**What you will do**
All lines from the one bearing "thumbnail 2 - MAZDA5" through the end of the data below must be printed exactly as they stand, with pictures removed.

**Raw data**
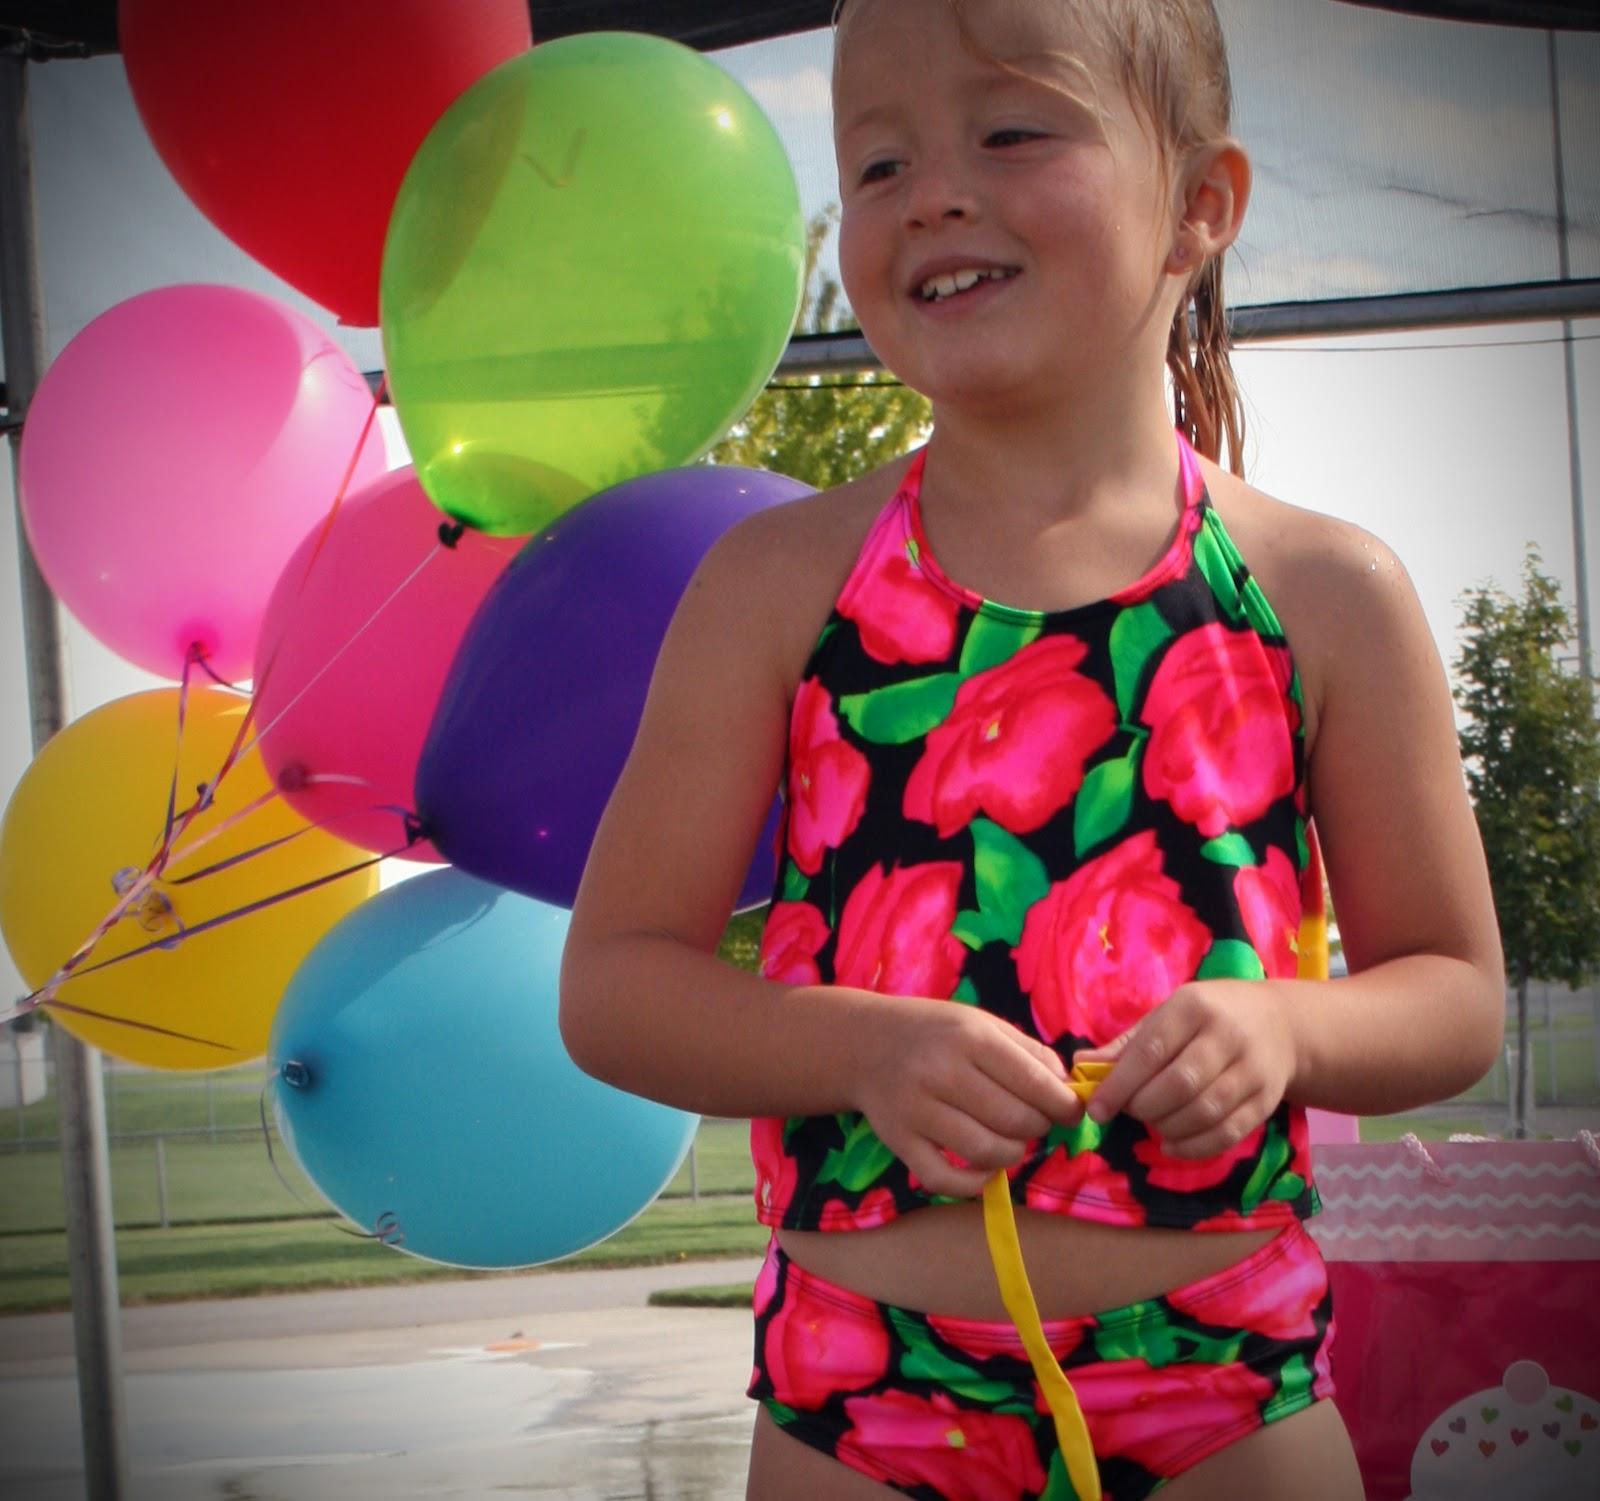 Little Girls In Their Birthday Suit Her birthday suit
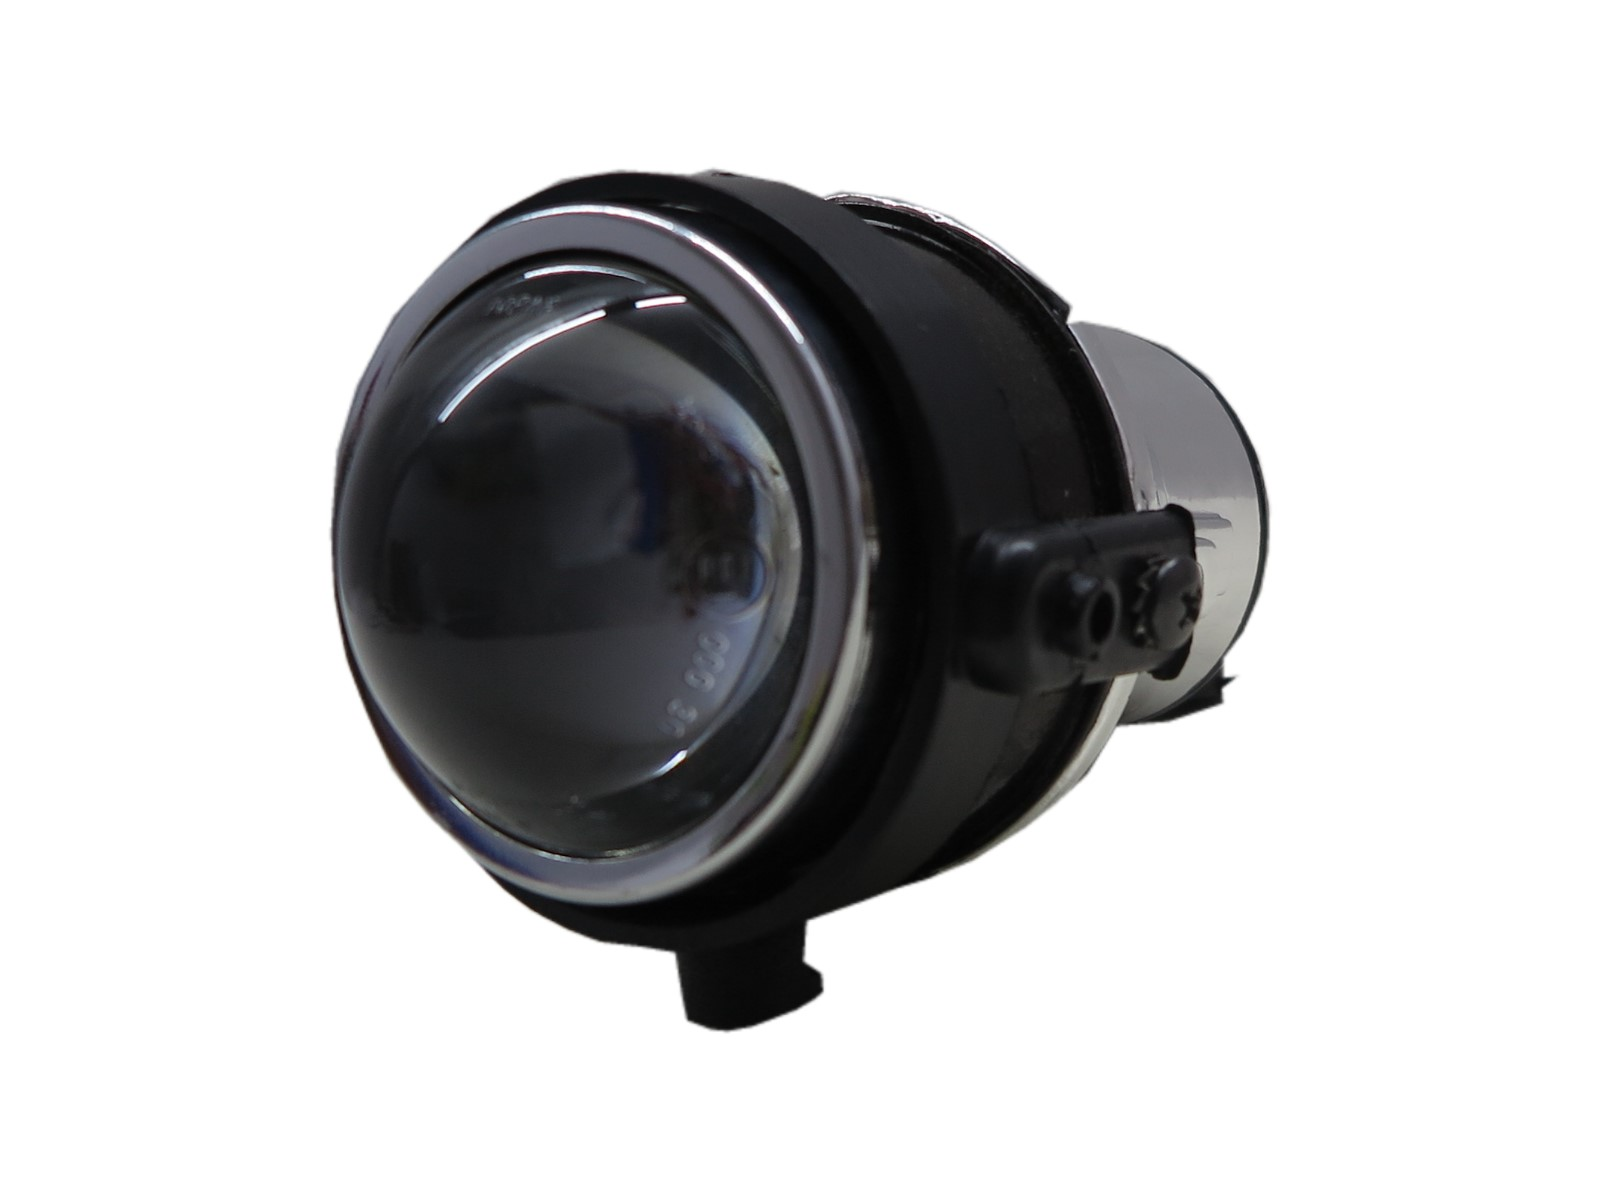 thumbnail 2 - MAZDA5 CREW/CR3W MK2 2012-Present Minivan 5D Projector Fog Light Black for MAZDA
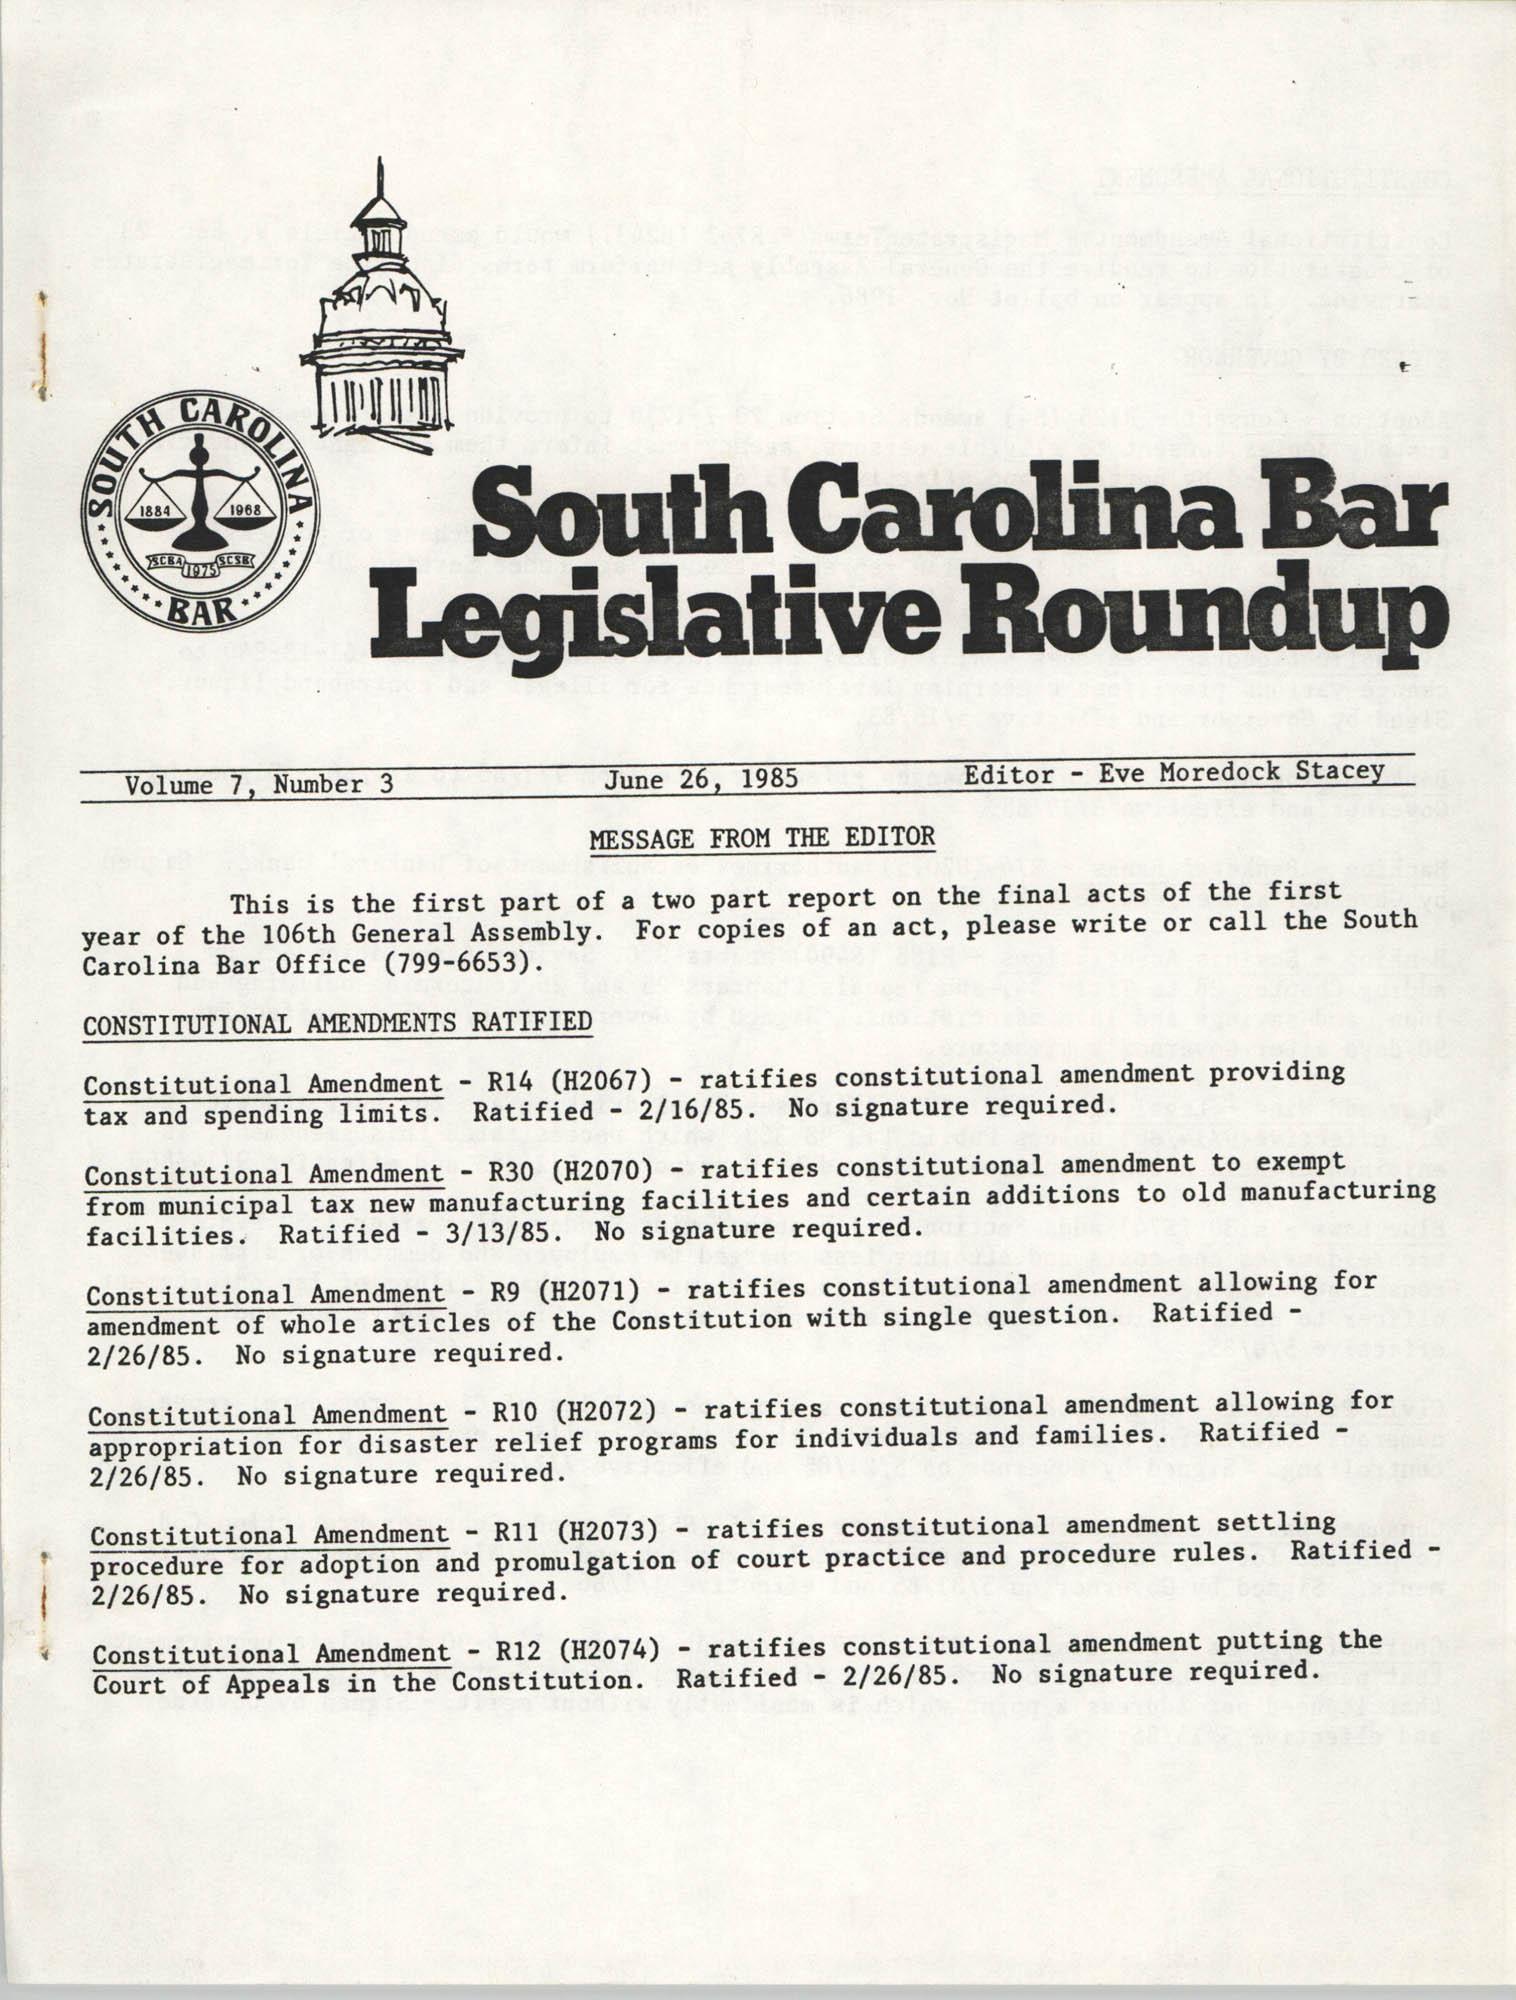 South Carolina Bar Legislative Roundup, Vol. 7 No. 3, June 26, 1985

**Exercise solution**
 thumbnail 2 - MAZDA5 CREW/CR3W MK2 2012-Present Minivan 5D Projector Fog Light Black for MAZDA
 South Carolina Bar Legislative Roundup, Vol. 7 No. 3, June 26, 1985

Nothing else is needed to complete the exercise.